Степка проявил похвальную быстроту. Первая пуля попала ему в плечо, а от второй и следующих он увернулся. Тут полицейскому выстрелили в спину, и пришлось поворачиваться. Мужчина с папиросой оказался террористом, а не жуиром. Он сбил с головы Лыкова фуражку и ранил в шею. Ответным огнем сыщик уложил его наповал.
Зажав рану рукой, Лыков кинулся за Степкой. Тот заскочил в книгоиздательство Сойкина. Изнутри послышались крики и выстрелы. Сволочь, он и там кого-то убивает! Но тут Алексею Николаевичу стало не до преследования: он опять попал под огонь.
На этот раз засада пряталась на стройке доходного дома Угрюмовых. Похоже, Степка привел на Стременную целый отряд. Два человека осыпали сыщика градом пуль. Одна обожгла щеку, вторая пробила однорядку… Лыков уже разрядил барабан «веблея» и теперь пустил в ход «ремингтон». Вскоре оба нападавших лежали на мостовой.
С двух сторон слышались свистки городовых, кричали люди, ржала раненая лошадь. В отблеске фонарей виднелись корчащиеся тела. Коллежский советник прислонился спиной к стене, чтобы не упасть. Кровь, пульсируя, вытекала из шеи и заливала грудь. Степка ушел.

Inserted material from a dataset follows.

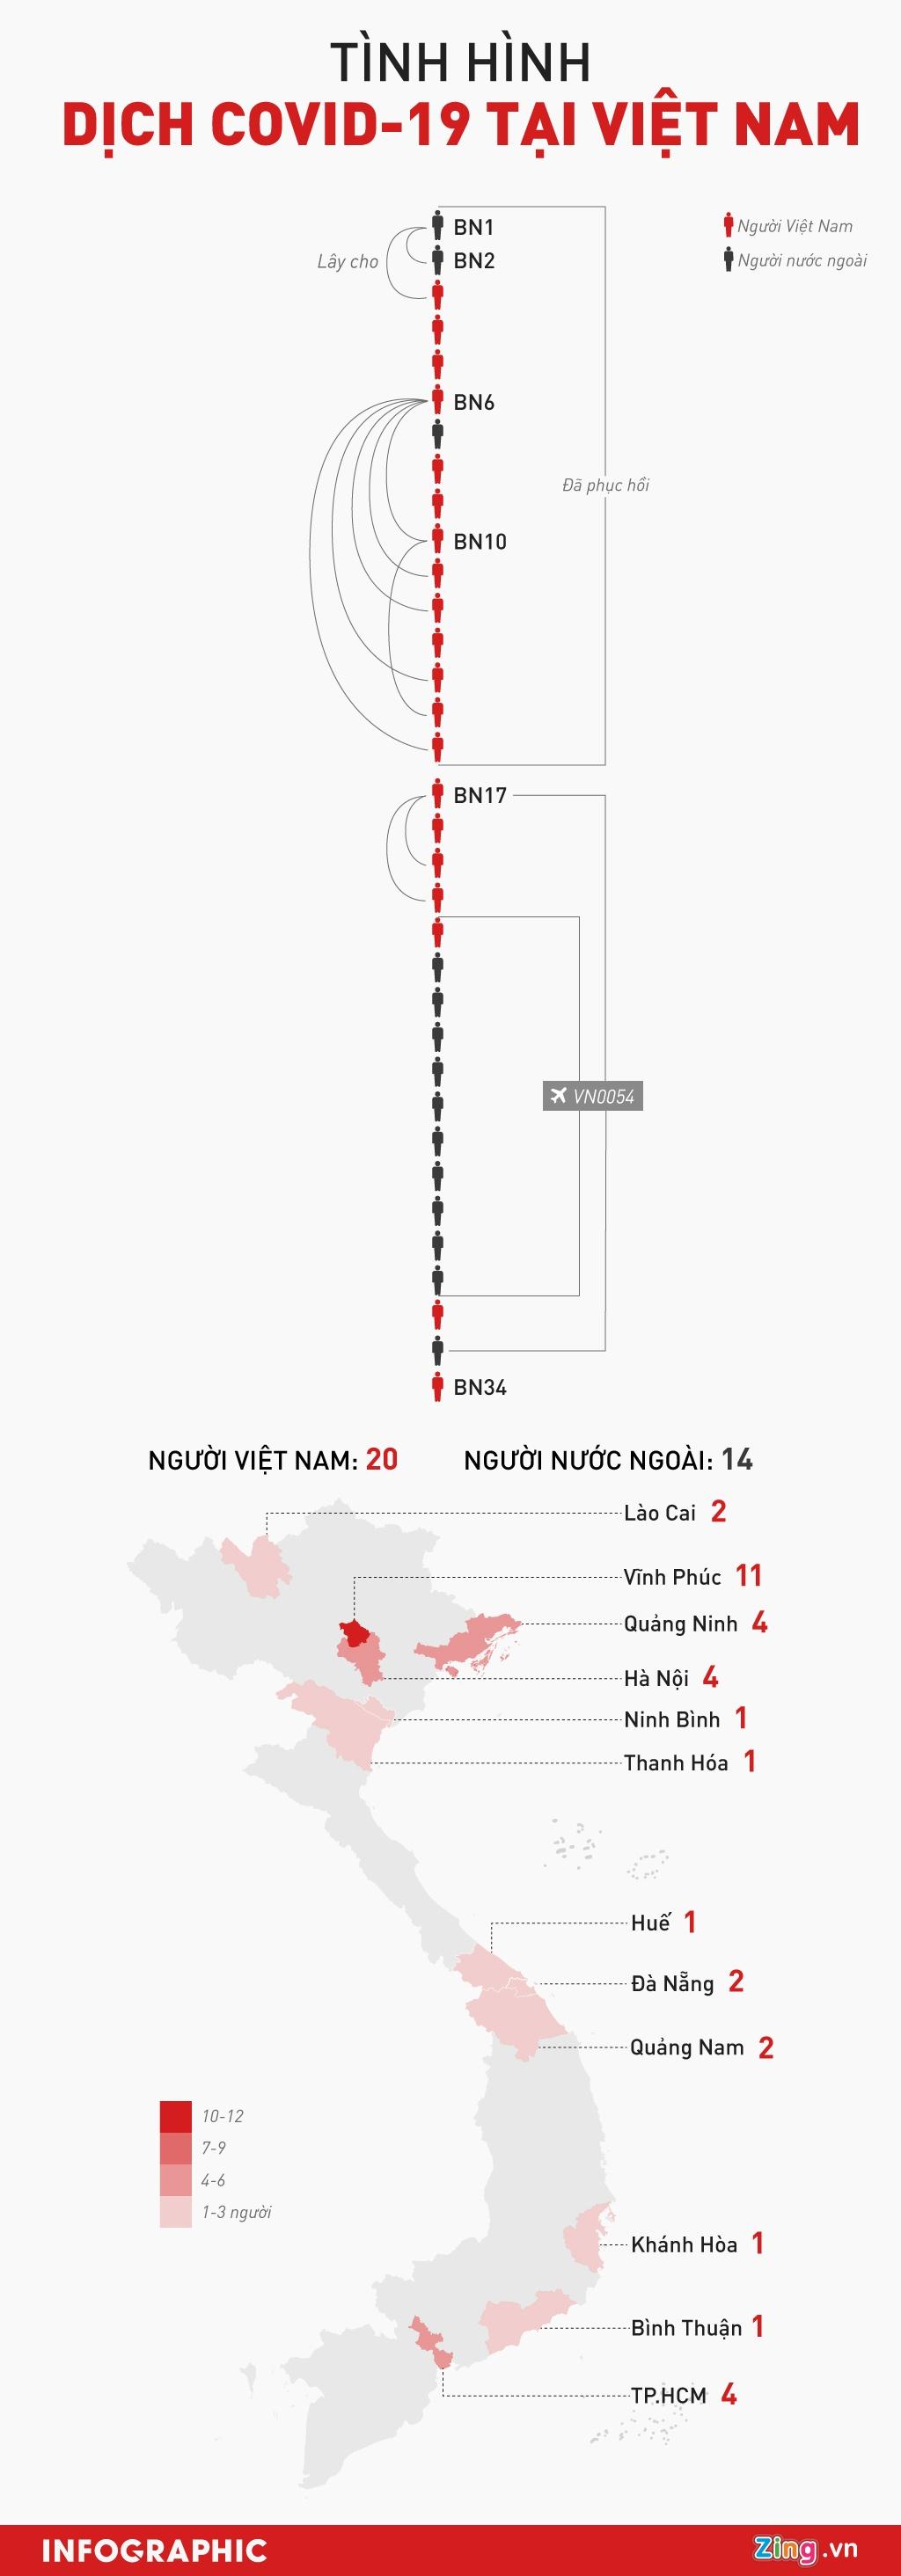 Trong 5 ngay, Viet Nam cong bo 18 benh nhan moi mac Covid-19 hinh anh 1 INFO_Covid19_o_VN_10_3.jpg
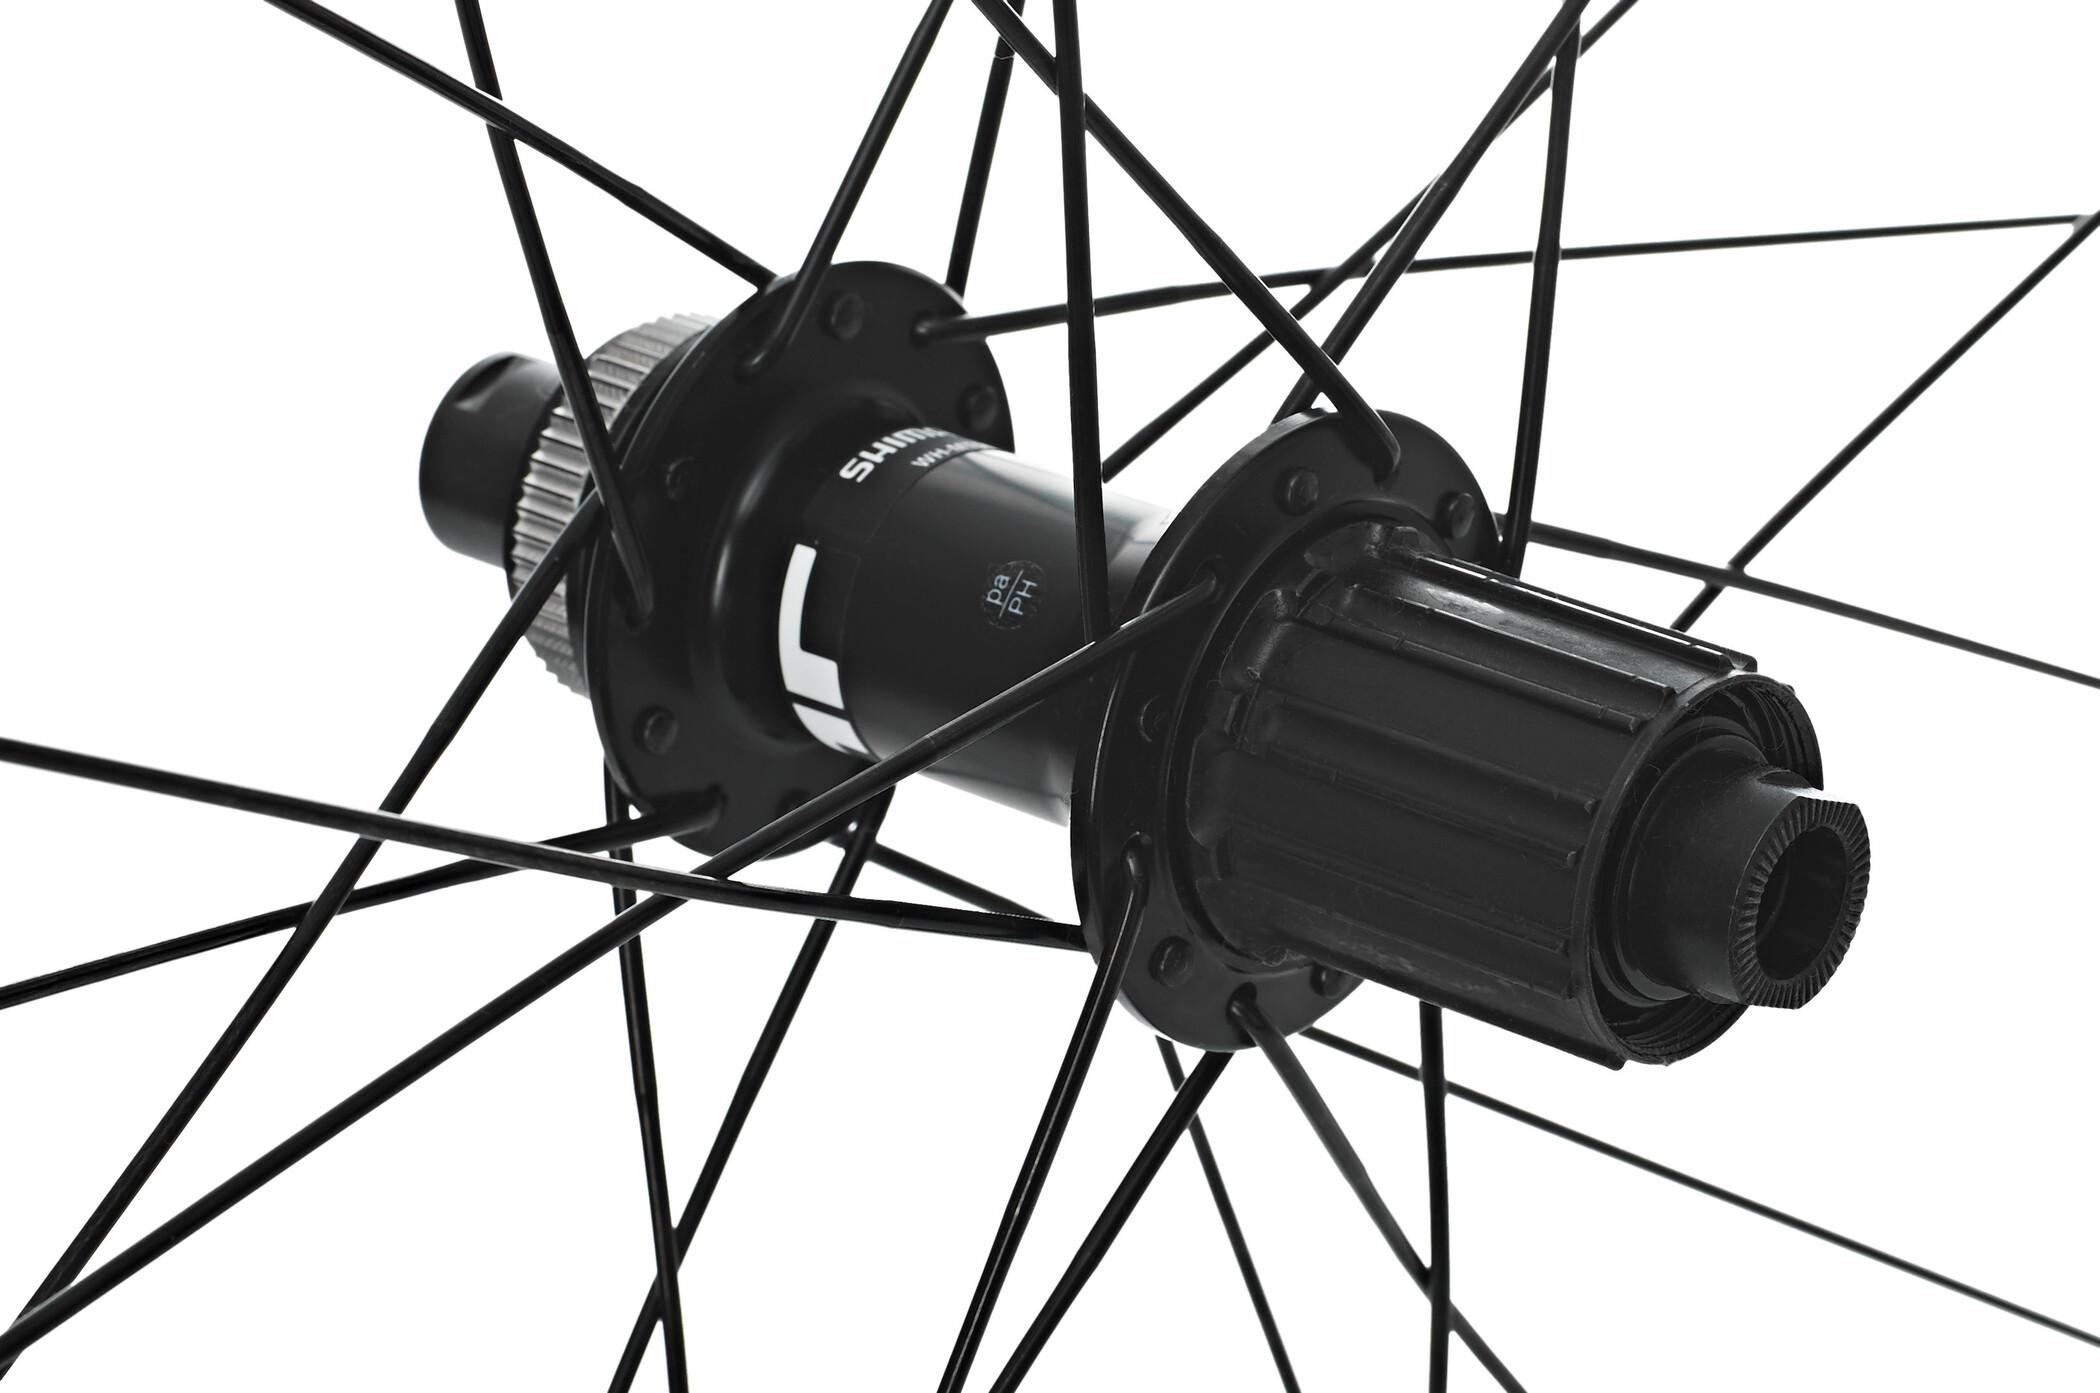 Shimano WH MT500 MTB Hinterrad 27,5 Disc CL Clincher QR

Перестрелка на Стременной придала «делу Варешкина» официальный характер. Боевик был объявлен сразу в циркулярный розыск. Прорываясь сквозь типографию, он застрелил сторожа. Теперь на совести Степки числилось уже четыре жизни. Не считая стражника в Горловке и, возможно, кого-то еще.
Двое убитых оказались эсерами-максималистами, членами Северного отряда. Третьего, раненного Лыковым, захватили живым. Он рассказал, что помогал «товарищу Степану» без разрешения командира, по собственной инициативе. Варешкин предложил убить цепного пса самодержавия. Благородное дело! Выпили пива и пошли…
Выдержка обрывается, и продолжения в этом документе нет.